Sebagai penghargaan atas
pengabdiannya dan buah-buah pikirannya, pada tahun 1811 Brown University di
Amerika Serikat menganugerahkan Doktor Kehormatan kepadanya. Namun demikian ia
tetap melayani di tengah jemaat sederhana itu sampai ia meninggal tahun 1817
karena serangan otak. Sungguh, kehidupan dan pelayanan John Fawcett ini adalah suatu
contoh pengabdian kerohanian yang menepiskan ambisi dan kemapanan hidup.
Pengarang lagunya, Hans Georg
Nageli, lahir tahun 1773 di Zurich, Swiss. Ia seorang penerbit musik dan
menjadi ketua lembaga untuk pengembangan musik di Swiss. Ia diakui sebagai
seorang perintis pendidikan musik.
Nyanyian ini judul aslinya Blest Be the Tie That Binds, yang
kemudian diterjemahkan oleh Yamuger menjadi “Alangkah Indahnya” (KJ 448).
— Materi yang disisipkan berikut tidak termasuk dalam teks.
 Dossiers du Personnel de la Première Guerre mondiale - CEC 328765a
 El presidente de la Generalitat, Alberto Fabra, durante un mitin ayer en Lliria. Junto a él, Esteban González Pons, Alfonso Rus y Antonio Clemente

Kisah dari lagu
ini begitu indah, dimana ada begitu banyak orang mencari “keuntungan” dari
persekutuan, Fawcett malah mengorbankan “keuntungan pribadinya” semata bagi
banyak orang (jemaat).
Fawcett menaruh kesetiaan pada
persekutuannya, kita pun diajak untuk setia di dalam persekutuan dimana Tuhan
menaruh kita. Sebagaimana Allah, yang memanggil kamu kepada persekutuan dengan
Anak-Nya Yesus Kristus, Tuhan kita adalah setia (1 Korintus 1:9)
Semoga kita pun dapat melihat
teladan yang baik ini di dalam Persukutuan dimana kita terlibat di dalamnya.
Selamat Bersekutu di dalam Tuhan!
Ibrani
10:24-25
‘24Dan marilah kita saling
memperhatikan supaya kita saling mendorong dalam kasih dan pekerjaan baik.
25Janganlah kita menjauhkan diri dari pertemuan-pertemuan ibadah kita, seperti
dibiasakan oleh beberapa orang, tetapi marilah kita menasihati,dan semakin
giat, melakukannya menjelang hari Tuhan yang mendekat.